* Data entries

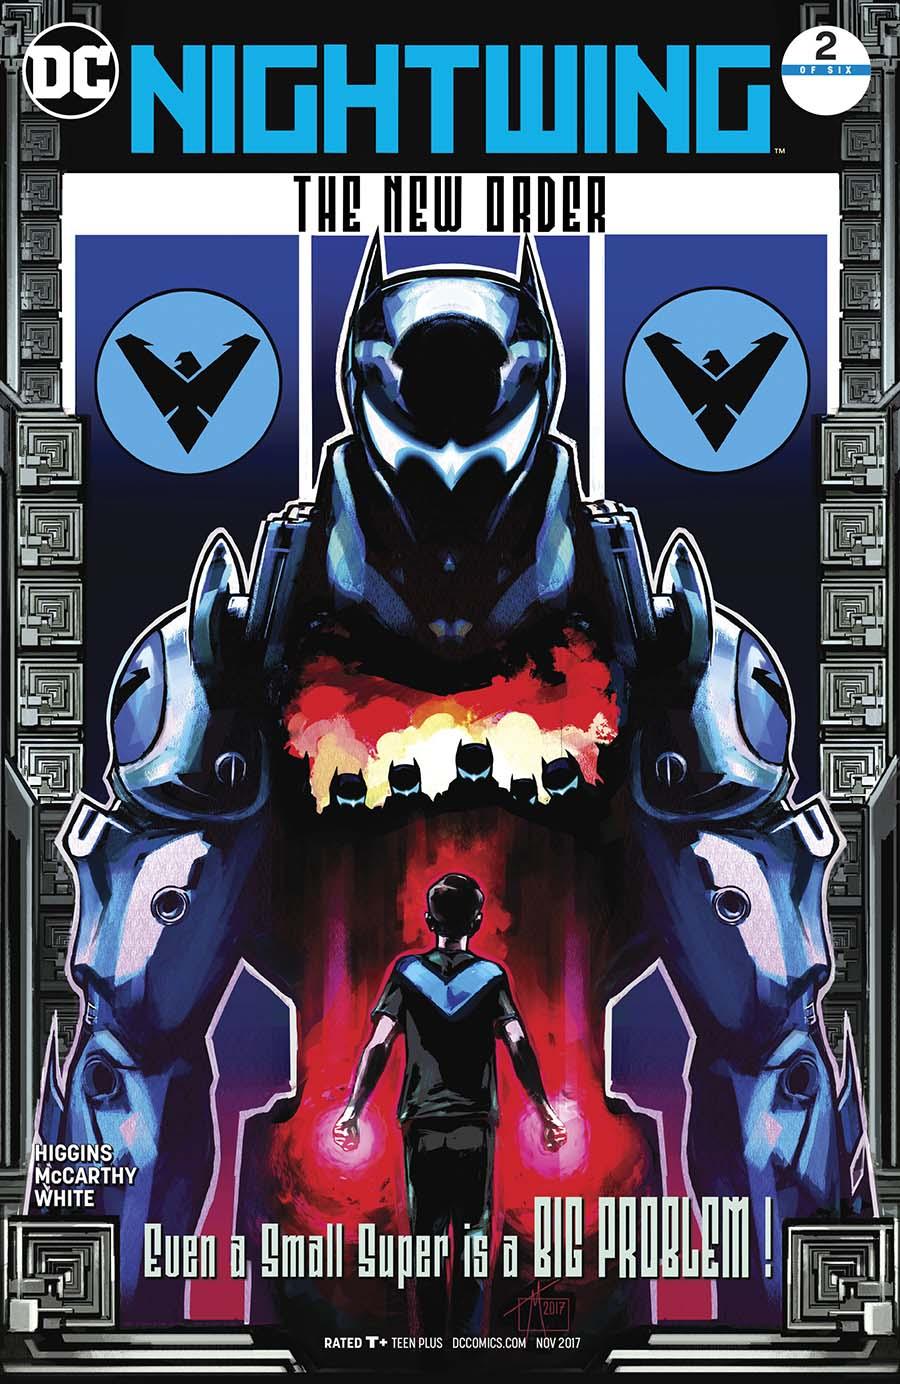 Nightwing The New Order Vol. 1 #2
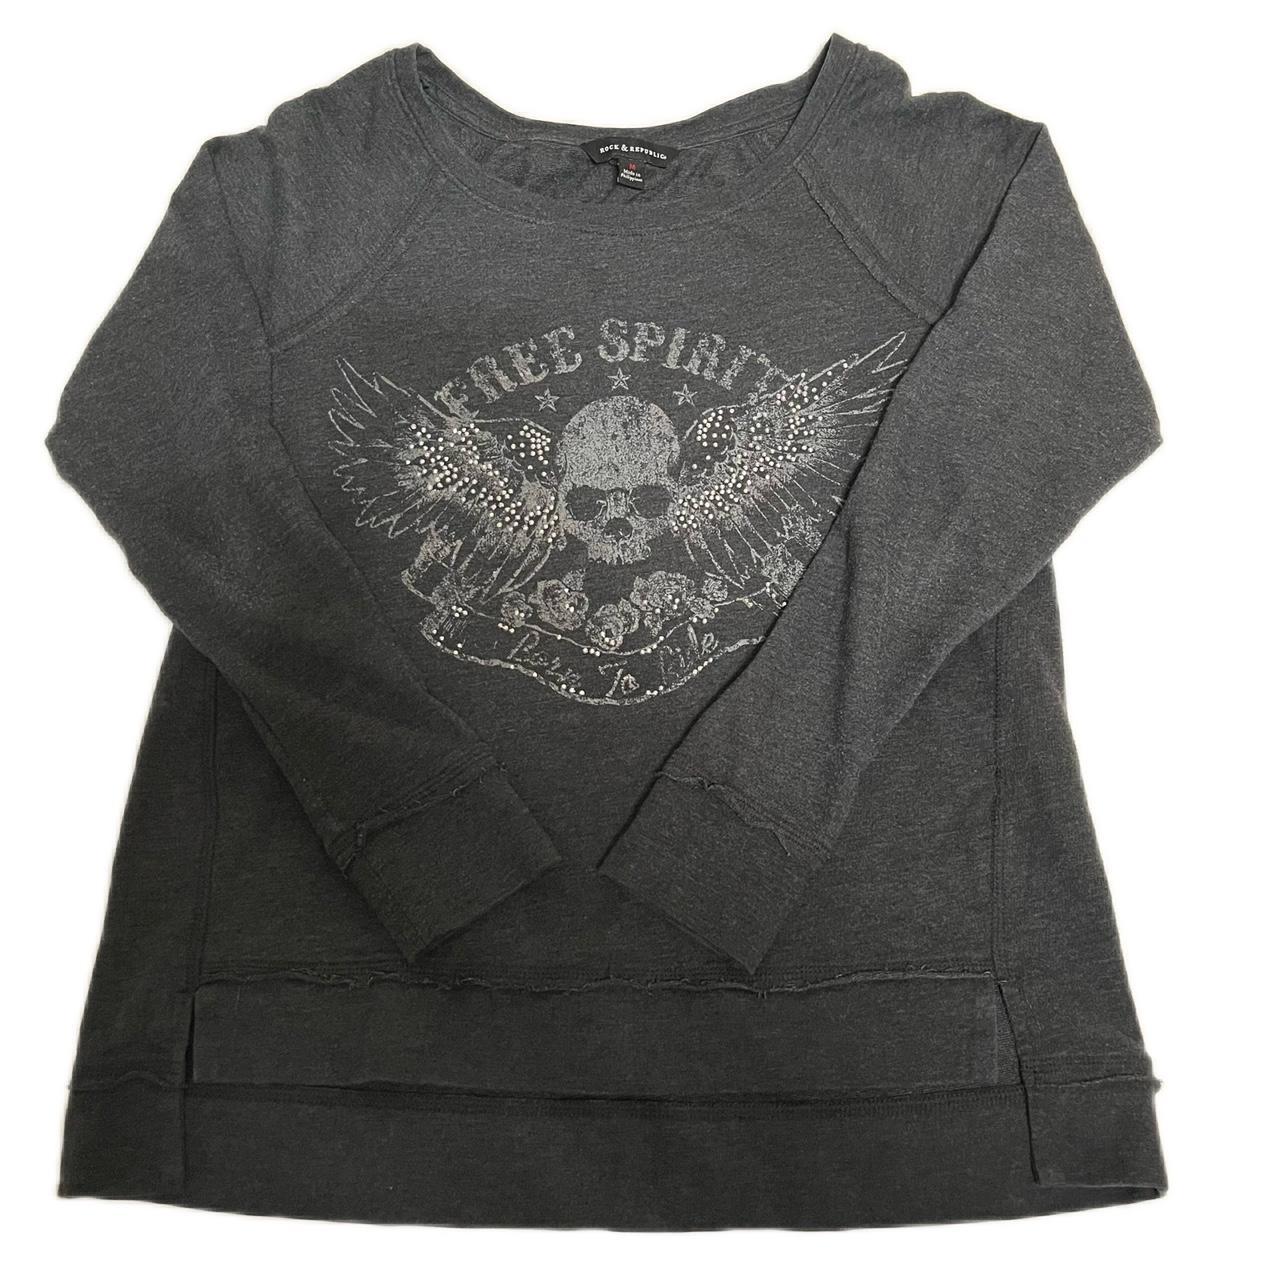 Rock and Republic Women's Grey and White Shirt (2)
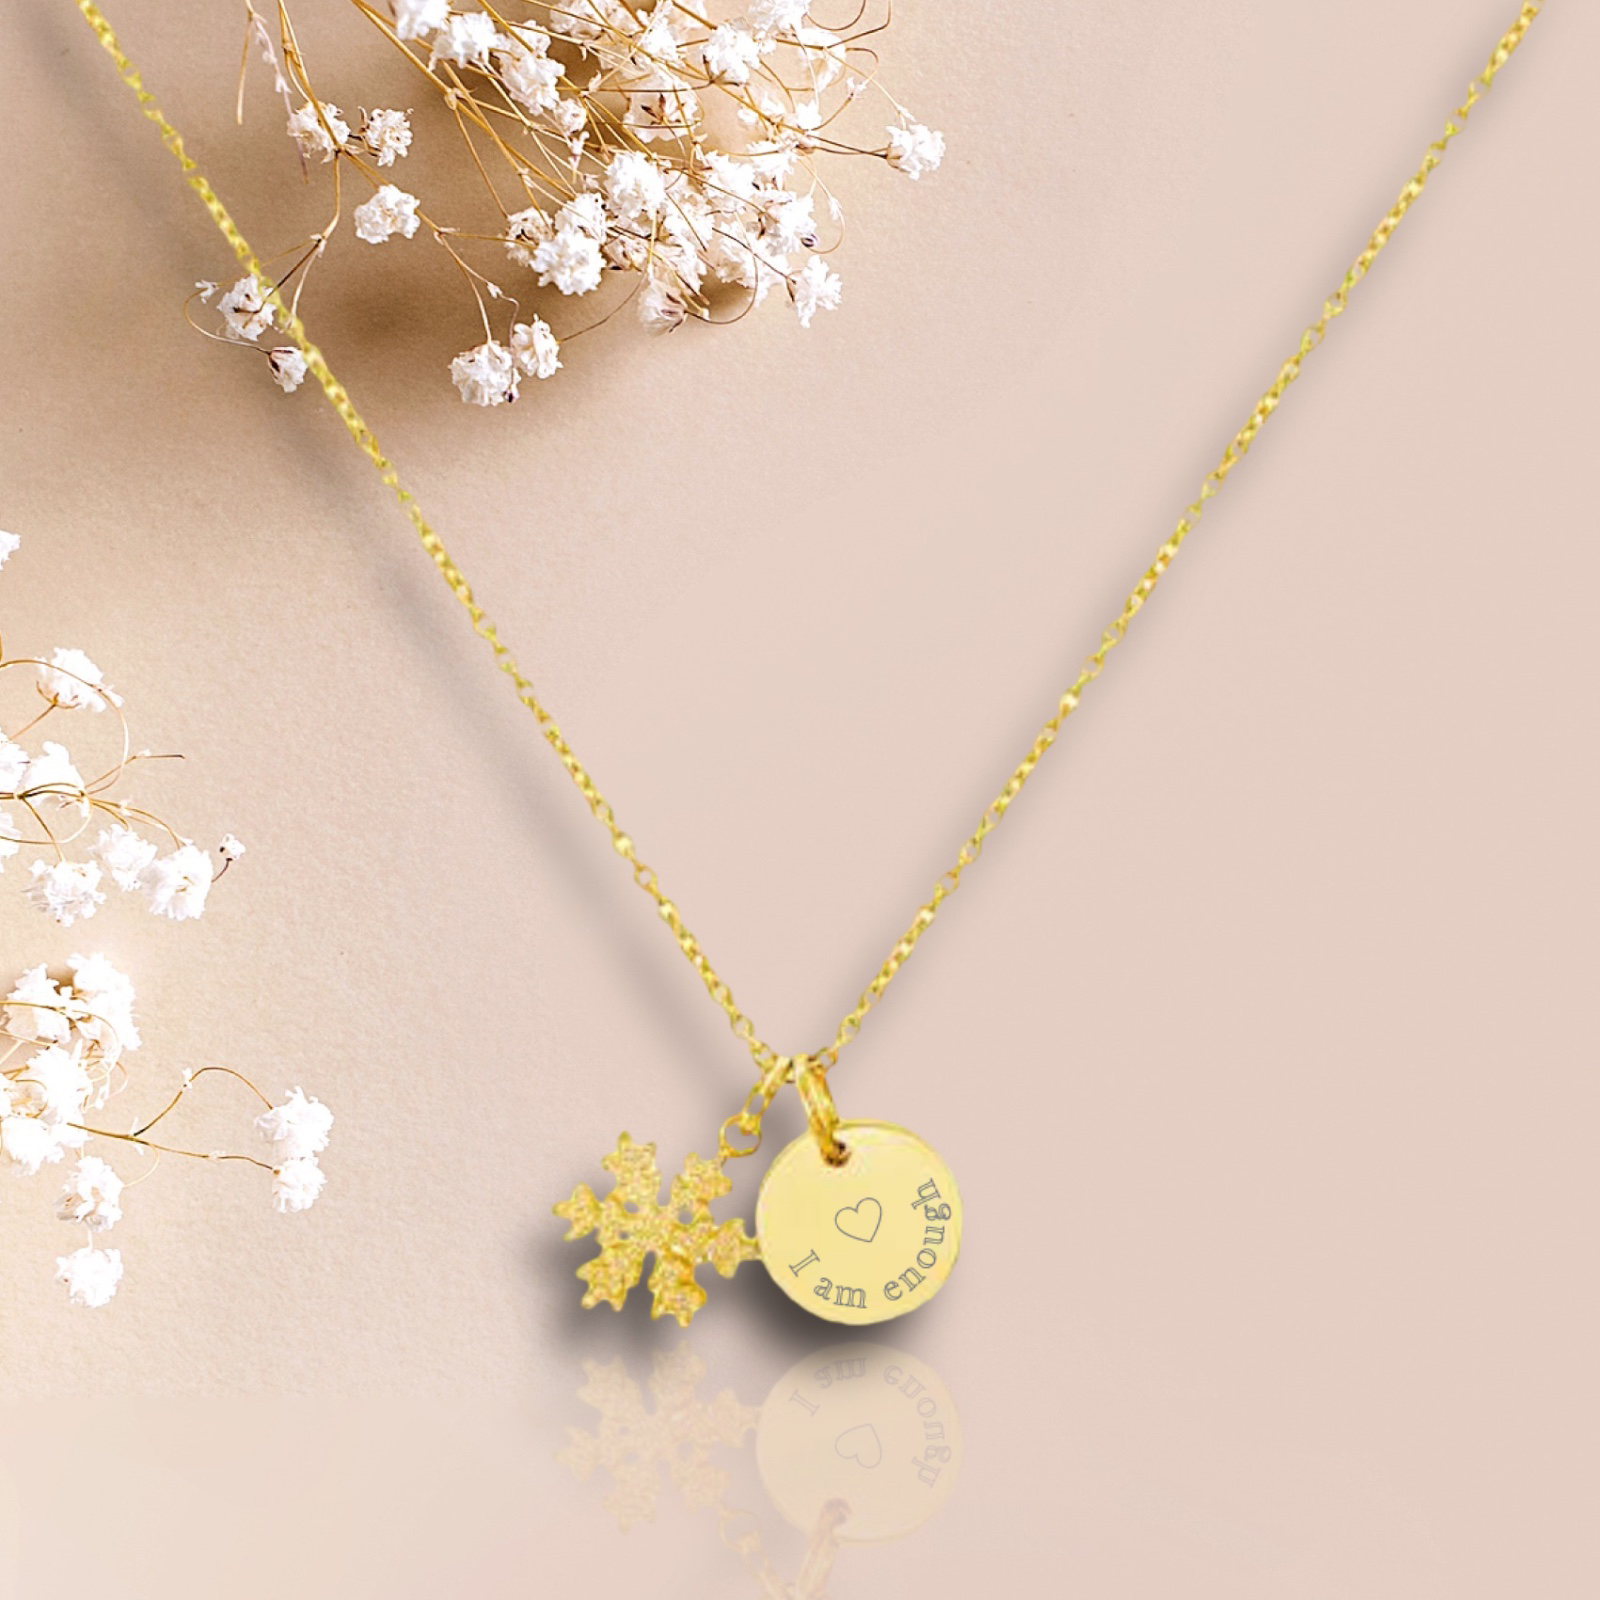 Snowflake Charm Necklace - Gold
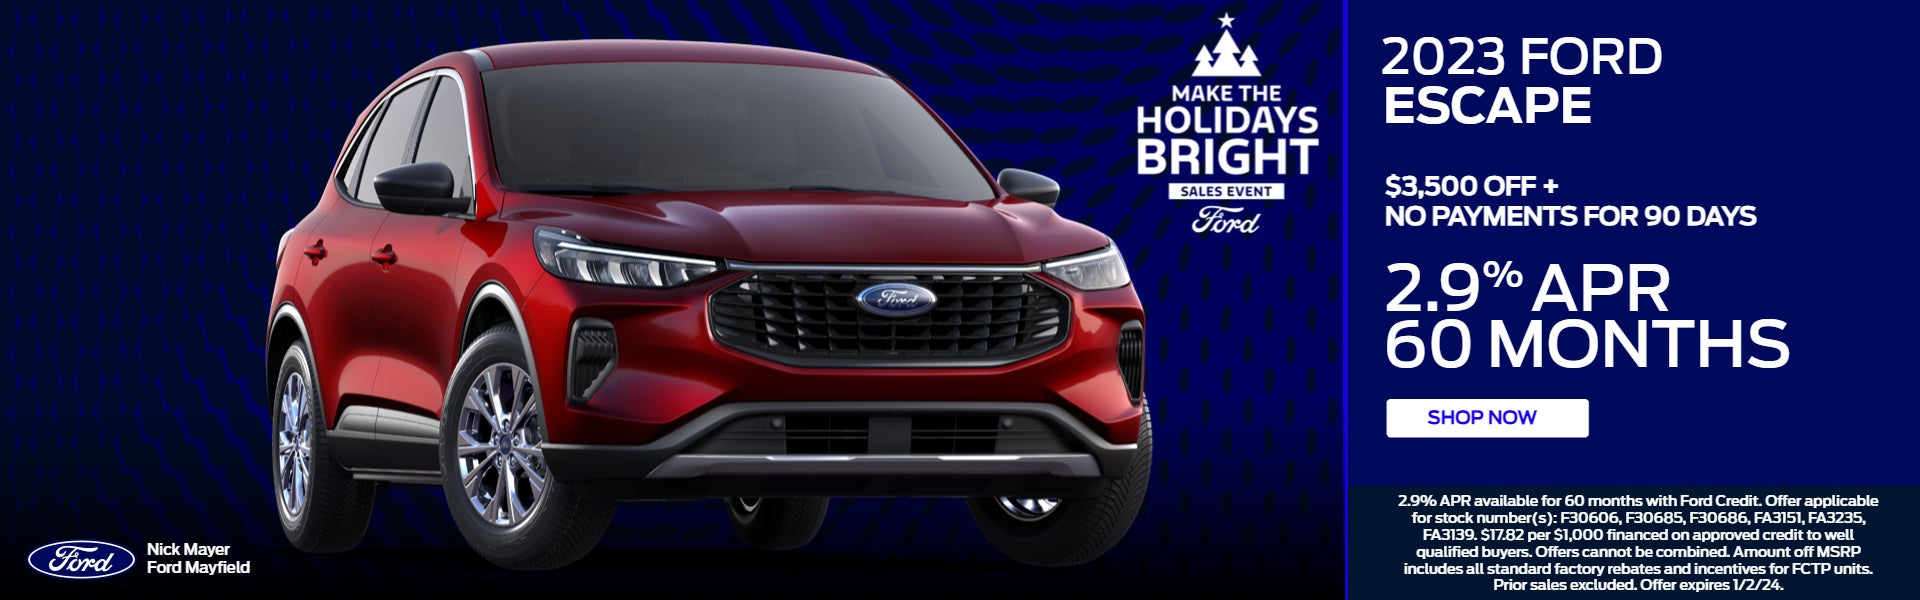 2023 Ford Escape 2.9% for 60 months
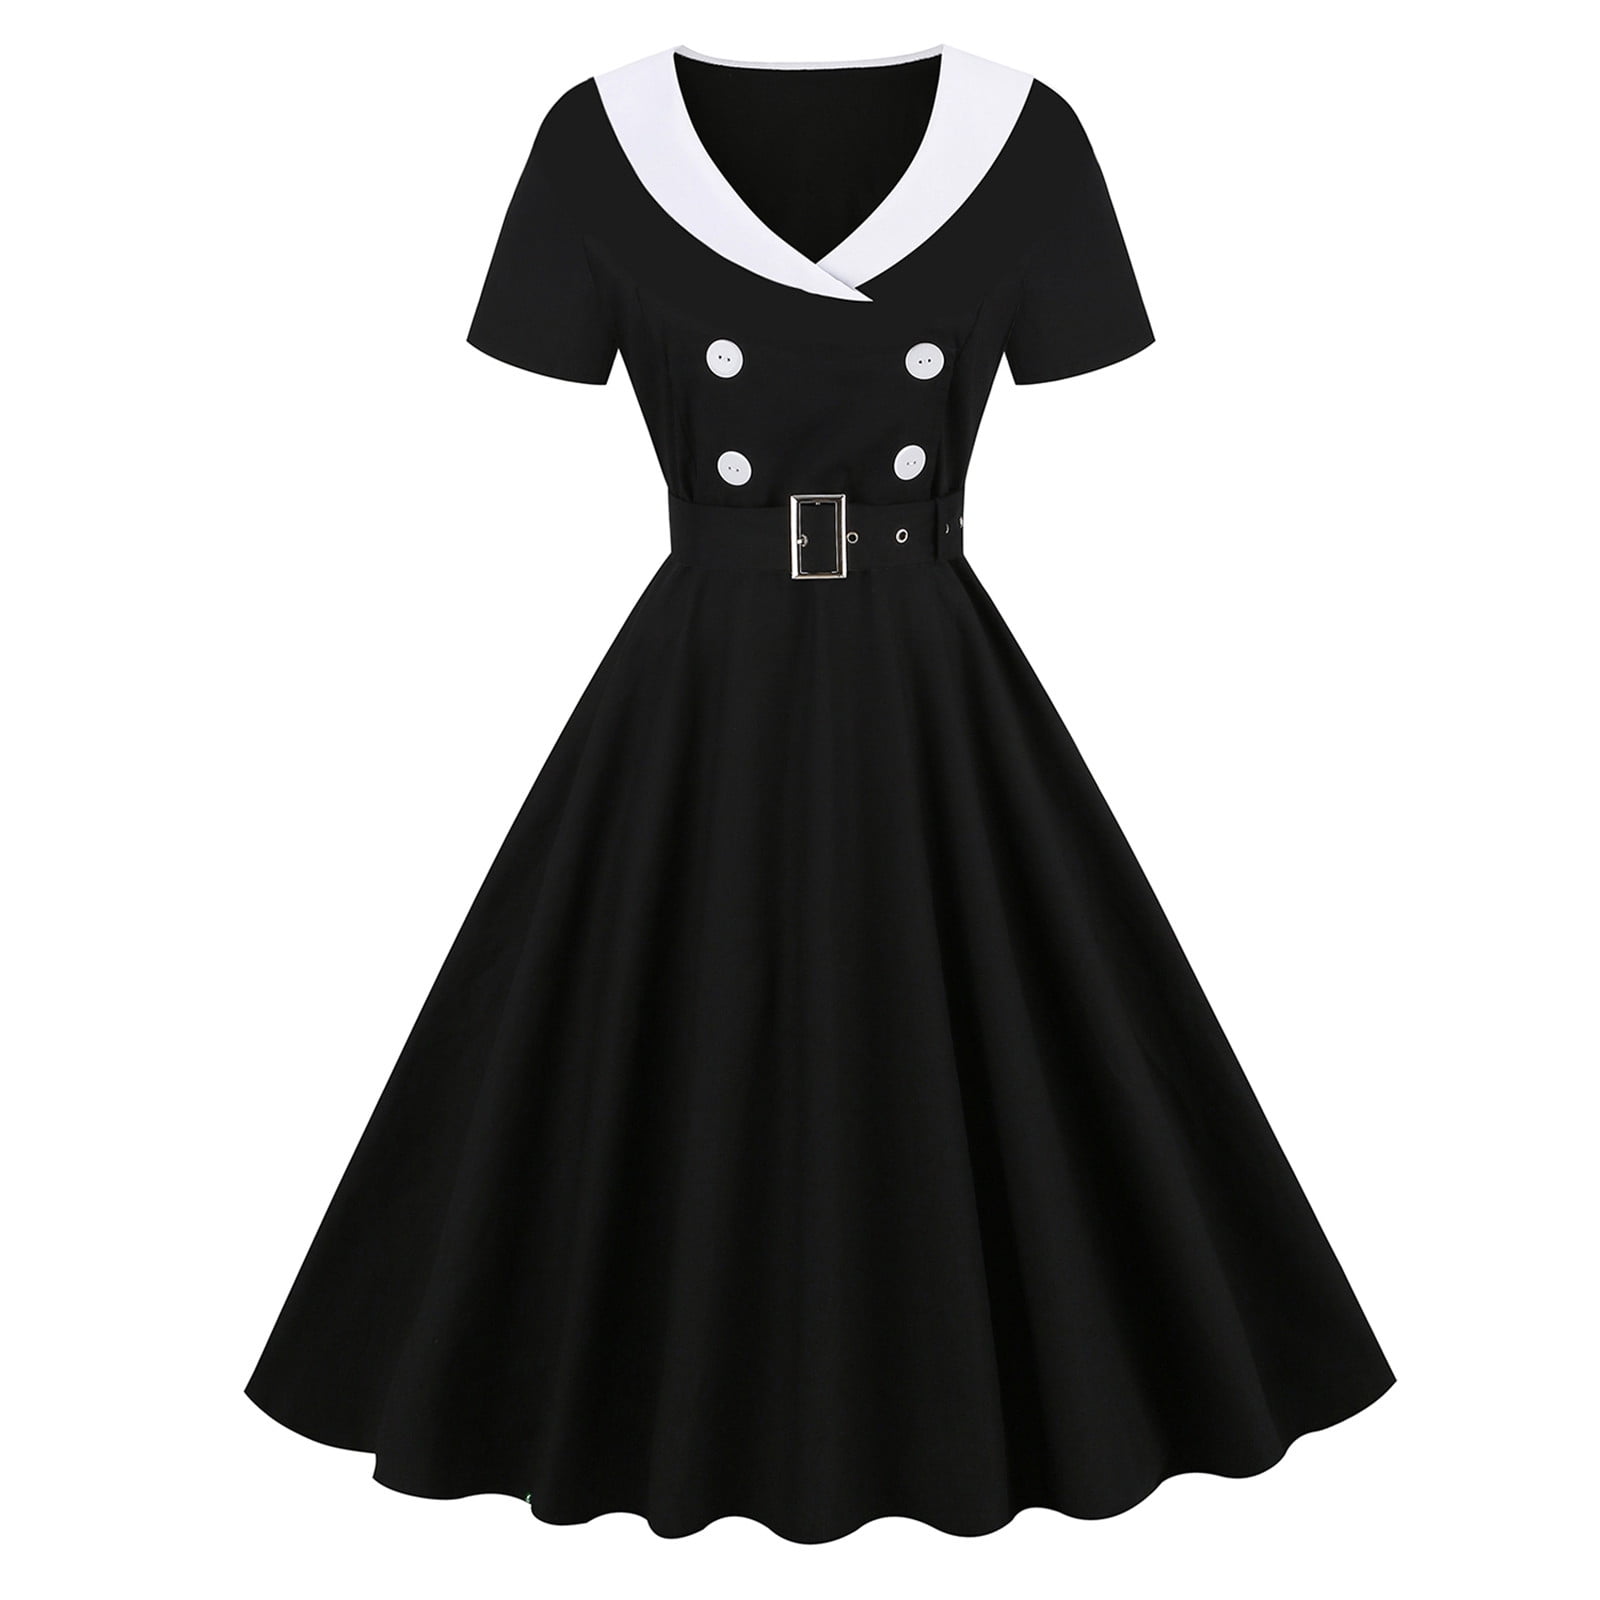 Women's Vintage Short Sleeve Dress Style 1950s Retro Rockabilly Belted  Cocktail Swing Tea Party Dresses

* Task to carry out
Repeat the data exactly in full, omitting its pictures.

* Exercise result
 Nightwing The New Order Vol. 1 #2
 Rock and Republic Women's Grey and White Shirt (2)
 Snowflake Charm Necklace - Gold
 2023 Ford Escape 2.9% for 60 months
 Women's Vintage Short Sleeve Dress Style 1950s Retro Rockabilly Belted  Cocktail Swing Tea Party Dresses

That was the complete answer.